Thanks so much to everyone who joined us on our wild edibles walk today on Pittsburgh’s south side! We couldn’t find the camera before we left for the walk (we have since found it and I put some great photos of the St. John’s Wort - which I knew I saw growing out of the rocks on the way to the walk - on facebook!) However, I will embellish this post with pictures of the plants we saw today that I have taken before. You’ll find the St. John’s Wort at the end…and also check it out on facebook if you’re on there.

Mulberries (Morus)
We had a great time collecting mulberries! White ones, purple ones, red ones! I wish I had a picture of the girls sitting on the sheet filling their containers with berries and eating as many (or more!) than they dropped in their cups! Here’s an old picture of Dave and Ella collecting mulberries from a great tree on Polish Hill.

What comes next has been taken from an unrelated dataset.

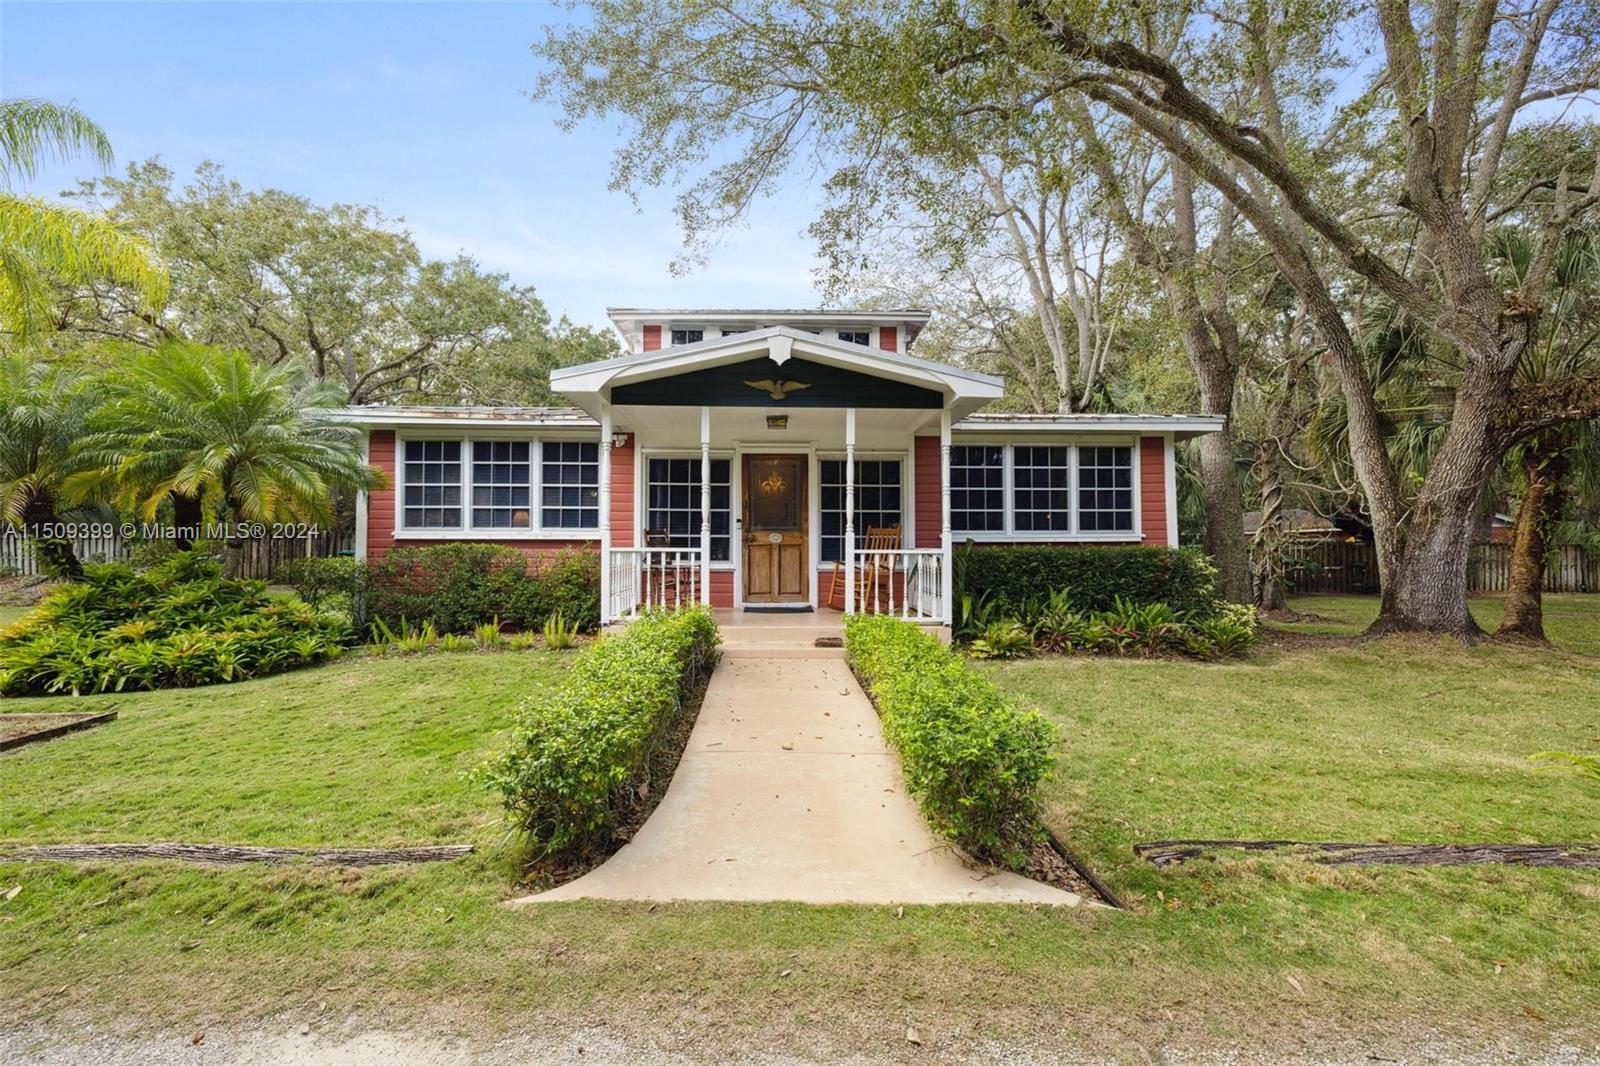 Old Florida Home on 1.92 acres in Palmetto Bay! Crown jewel looking for only its fourth homeowner ever. Improve the existing structure and enjoy all that is South Florida living. Or, build your statement home on this beautiful piece of land. Walk to Coral Reef Park, Southwood Middle School. Once in a lifetime opportunity to lay claim on a unique home and property. Great for hosting large gatherings, a pool, a chickee hut and a gorgeous yard offer quiet enjoyment. The coolest residence in Palmetto Bay makes for a complete family compound. Live, love, laugh, work from home, study at home, play and mingle with multiple generations. Plenty of room for parking your boat or RV. 5 car garage or storage, you decide. Tin roof installed after Andrew. Click tour to see the 3D virtual tour.

Dave and Ella collecting mulberries 4 years ago on Polish Hill.
We also saw:
- Burdock (Arctium lappa) The root is known as Gobo in Japan. Eat the root raw, cooked or juiced. Can also eat the flower stalks and leaf stalks like celery. (See our Burdock page for picture and full description)
- Dandelion (Taraxacum officinalis) All parts of this plant are edible: roots, leaves, flower. Flower petals go nicely into batters (like pancake batter or cookie batter.) Roasted root makes a good coffee substitute, along with roasted chicory root and roasted burdock root. (See our Dandelion page for pictures and full description)
- White Clover (Trifolium repens) A mild but nutritious green, add to smoothies or salads. Can also use red clover (which is often dried and used as tea), we didn’t see red clover today.
- Thin Leafed Plantain (Plantago lanceolata) - Fairy bandaids! Chew and place on bee stings (and other stings/bites) to take the pain away. Can eat as a green, mild tasting can be blended into smoothies or juices. I recently made a salve which worked wonders on a poison oak rash.
- Broad Leafed Plantain (Plantago major) Same uses as above. This also has seeds in the fall which can be collected and used in oatmeal, breads, flours, and as a substitute for psyllium seeds, which are also a Plantago.
- Japanese Knotwood (Polygonum cuspidatum) Eaten in early spring when shoots are tender, but the stalks can probably still be juiced. Lemony. Very good source of Resveratrol (especially the roots) and has been used to treat Lyme Disease.
- Lambs quarters (Chenopodium alba) High in protein, high in calcium, one of my favorite edibles. “Wild Spinach”, is closely related to quinoa. I use it in smoothies and any place I would use spinach.
- Garlic Mustard (Alliaria petiolata) Garlicky tasting invasive weed, makes a great pesto!
- Teasel (Dipsacus fullonum) Recently the root has been used as a cure for Lyme Disease
- Mugwort (Artemesia vulgaris) Used in Chinese Medicine, can make moxa from this dried herb. Also used in dream pillows to enhance dreams.
- Staghorn Sumac (Rhus typhina) When fruit turns red in fall, use dried as a lemon-tasting spice, or steep in cold water for a lemon-water or sweeten for a lemonade-like drink. High in vitamin C.
- Mulberries (Morus species)
- Wild Carrot/Queen Anne’s Lace(Daucus carota) Root smells like carrot, and there is a red petal in the middle of a lacy white flower, which distinguishes it from its deadly relatives Poison Hemlock and Water Hemlock. Still, we make it a rule not to eat wild carrots (though edible) to avoid a deadly mistake.

Plantago Lanceolate (Thin Leaf Plantain)

Garlic Mustard

We also saw two poisonous plants and a common allergen:
- Crown vetch (Securigera varia, or Coronilla varia,) Contains nitroglycerides and is dangerous for horses and other non-ruminants, such as people
- A wild foxglove Also dangerous to the heart
- Ragweed - A common allergen
Don’t forget: if you sign up for our newsletter (right, green box) you’ll get FIVE FREE EBOOKS about 5 common wild edibles! They are full of color pictures and great recipes.
And now…here are the pics of St. John’s Wort (Hypericum perforatum):

St. John's Wort growing out of a rock wall on Pittsburgh's South Side

The flower buds of Hypericum perforatum (St. John's Wort) stain maroon when squeezed.
Thanks so much to everyone for coming!